■ **Data shown**
↓↓↓

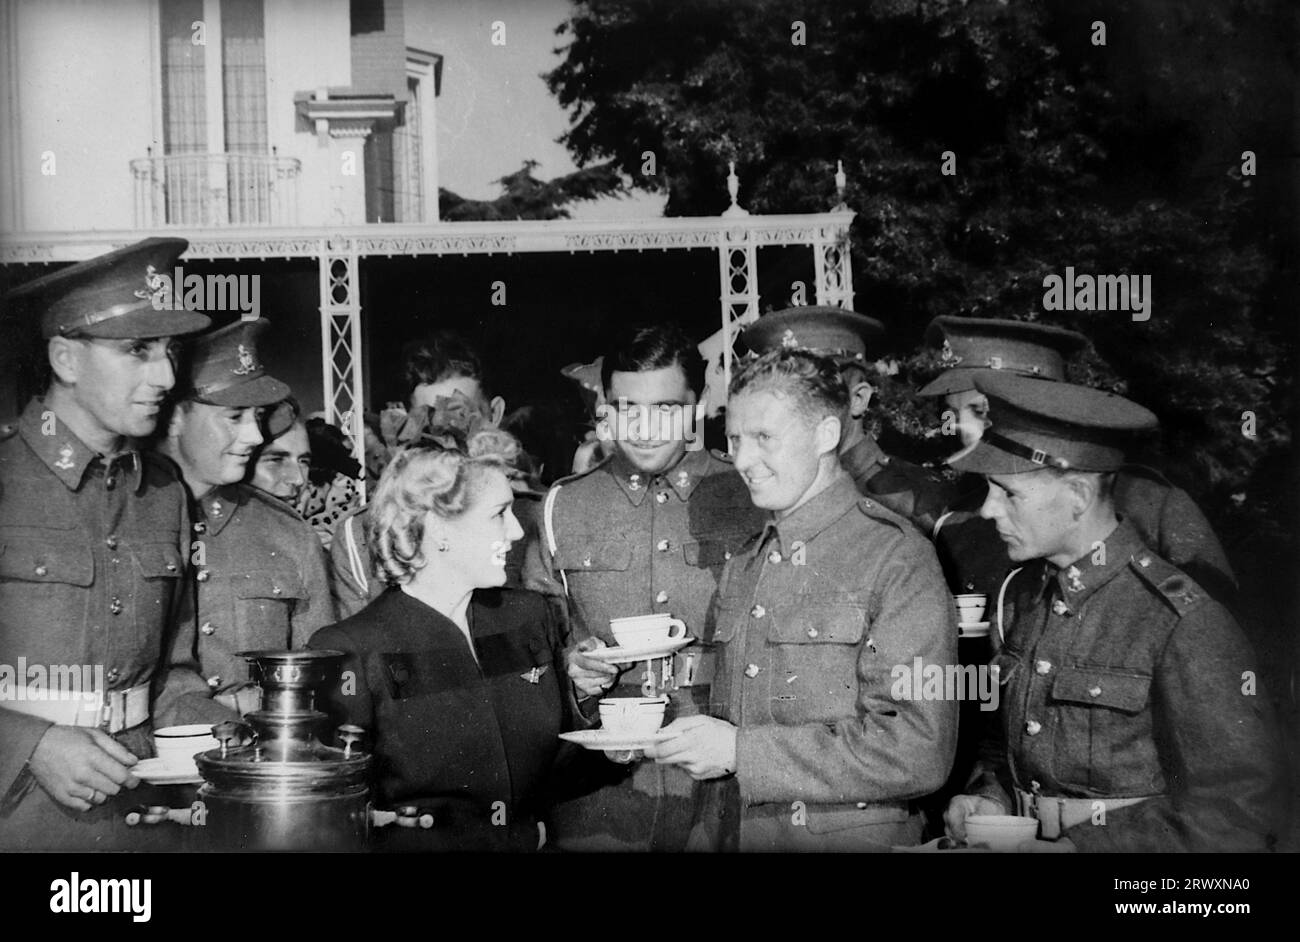 Mary Pickford verteilt in ihrem Haus in Hollywood Teetassen. Seltenes Foto: Aus einer Sammlung eines unbekannten britischen Soldaten über die No. 1 Composite Demonstration, AA Battery, Tour durch die USA, vom 11. Juli 1943. Dies ist eines von mehr als hundert Bildern in der Sammlung, die im Durchschnitt etwa 4 x 3 Zoll groß waren. Stockfoto
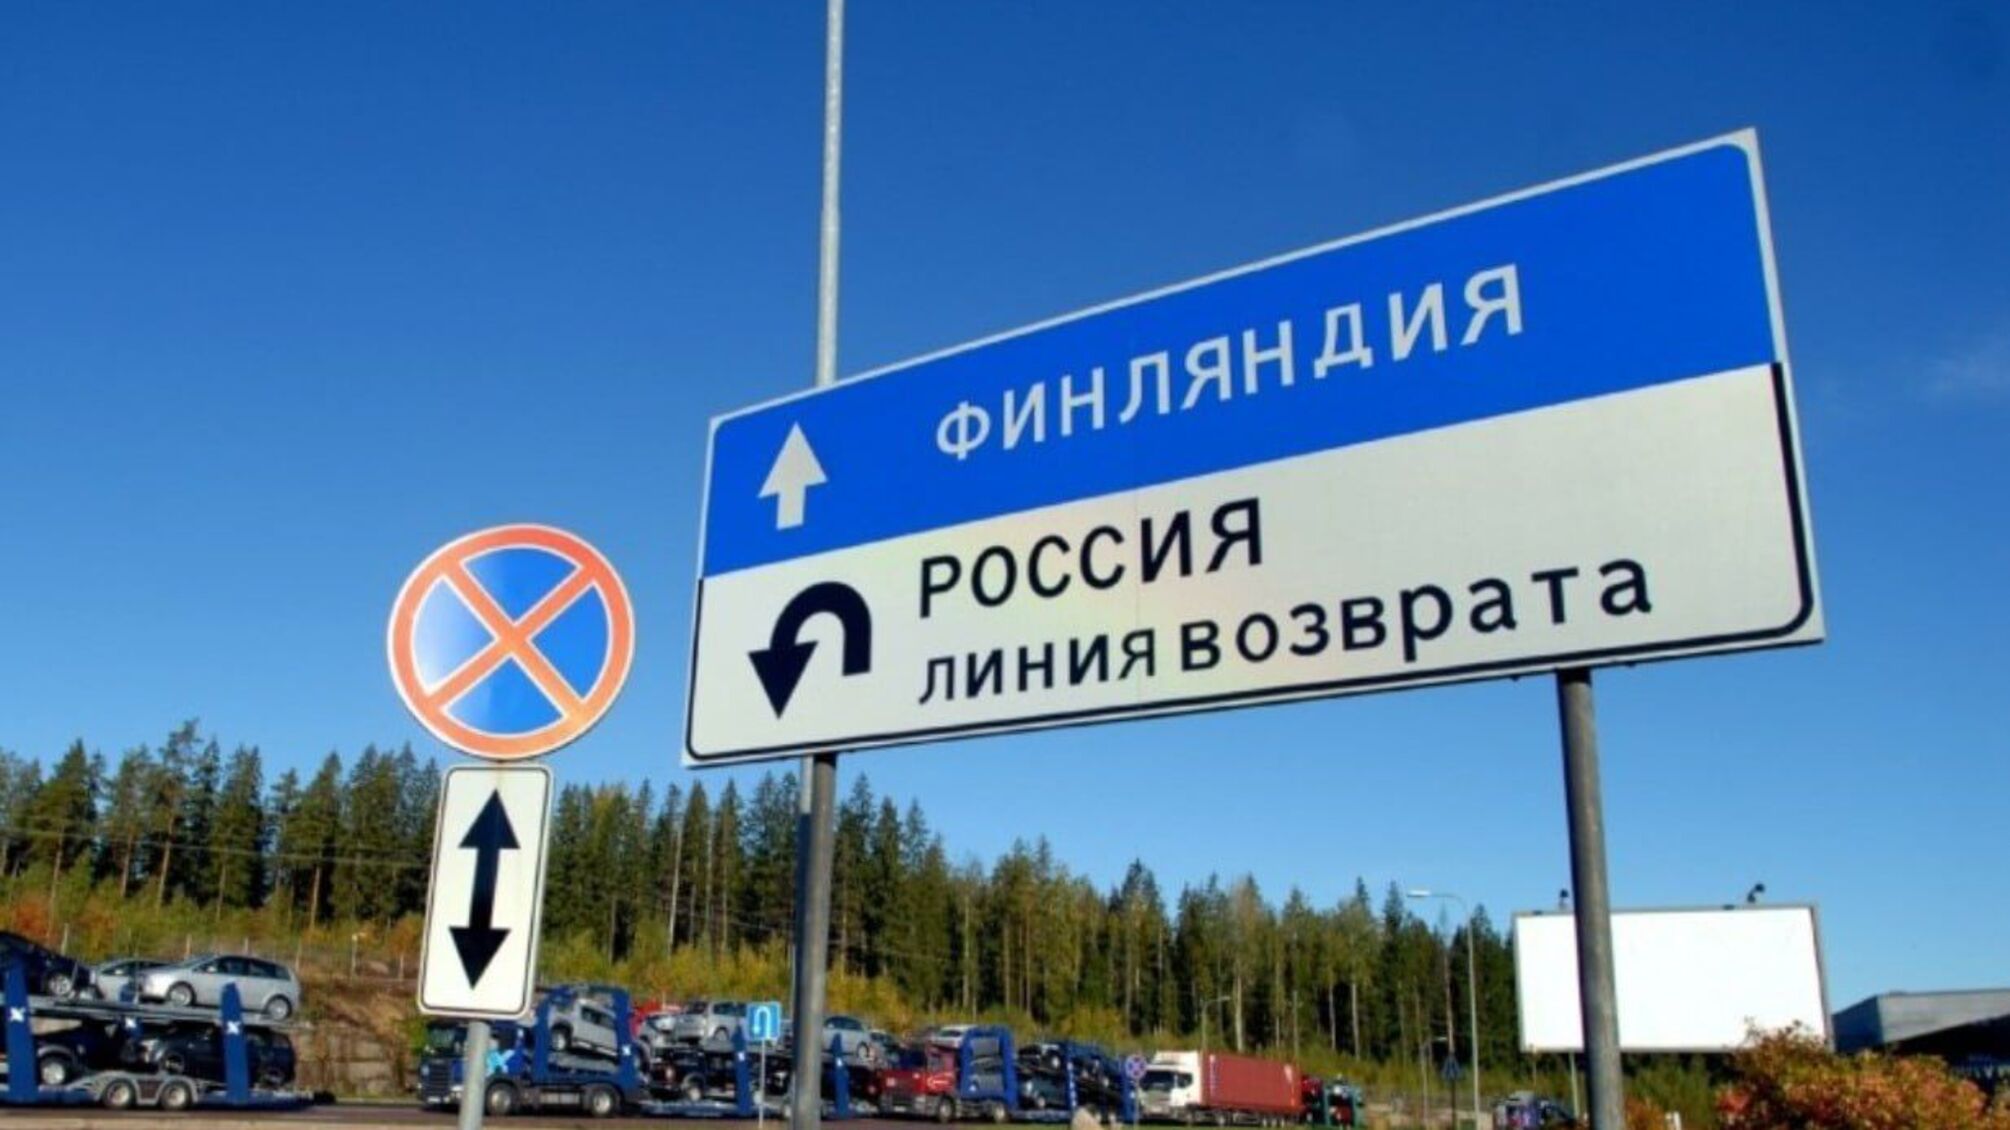 Фінляндія безстроково закриє кордон із росією
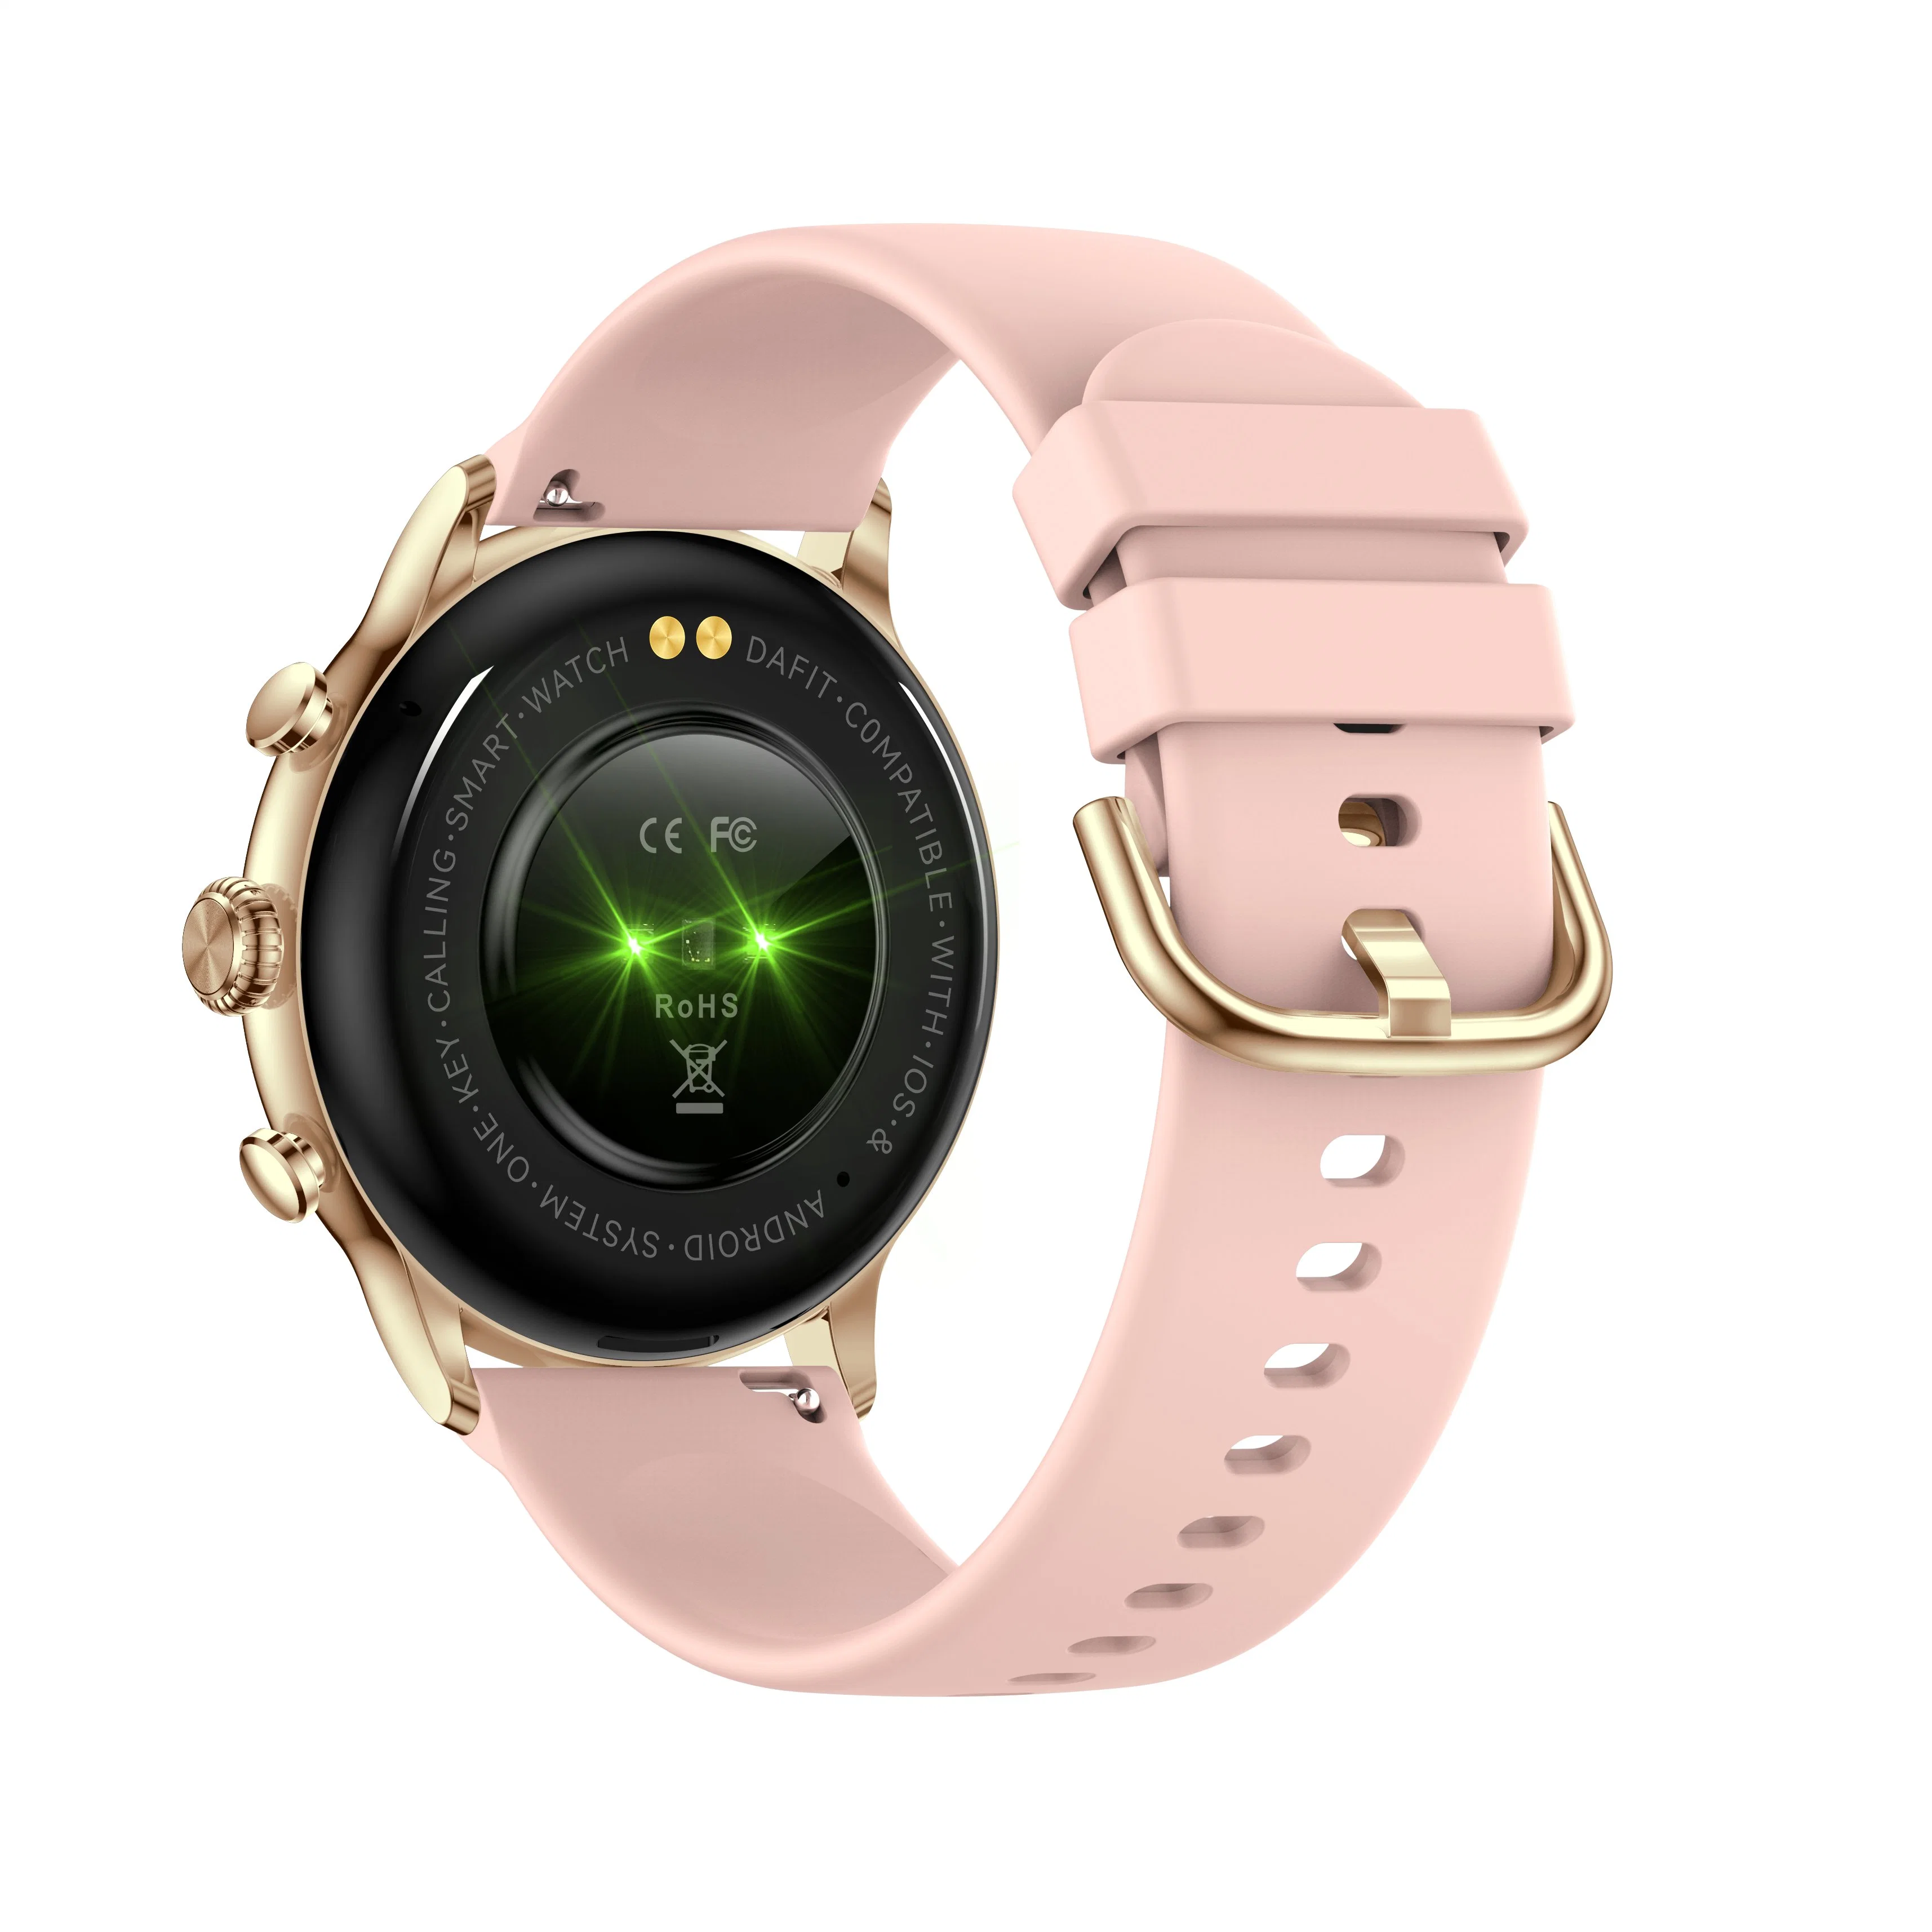 Новый экран AMOLED Fashion Подарочный вызов Пополните Inteligente Smart Спортивные наручные часы Завод Custom водонепроницаемый CE Цена для мужчин Мобильный телефон Lady Android iOS

↑↑↑

■ **Exercise goal**
From the first line to the last, give the data again exactly, but without pictures.

■ **Completed task**
 Mary Pickford verteilt in ihrem Haus in Hollywood Teetassen. Seltenes Foto: Aus einer Sammlung eines unbekannten britischen Soldaten über die No. 1 Composite Demonstration, AA Battery, Tour durch die USA, vom 11. Juli 1943. Dies ist eines von mehr als hundert Bildern in der Sammlung, die im Durchschnitt etwa 4 x 3 Zoll groß waren. Stockfoto
 Фінляндія безстроково закриє кордон із росією
 Новый экран AMOLED Fashion Подарочный вызов Пополните Inteligente Smart Спортивные наручные часы Завод Custom водонепроницаемый CE Цена для мужчин Мобильный телефон Lady Android iOS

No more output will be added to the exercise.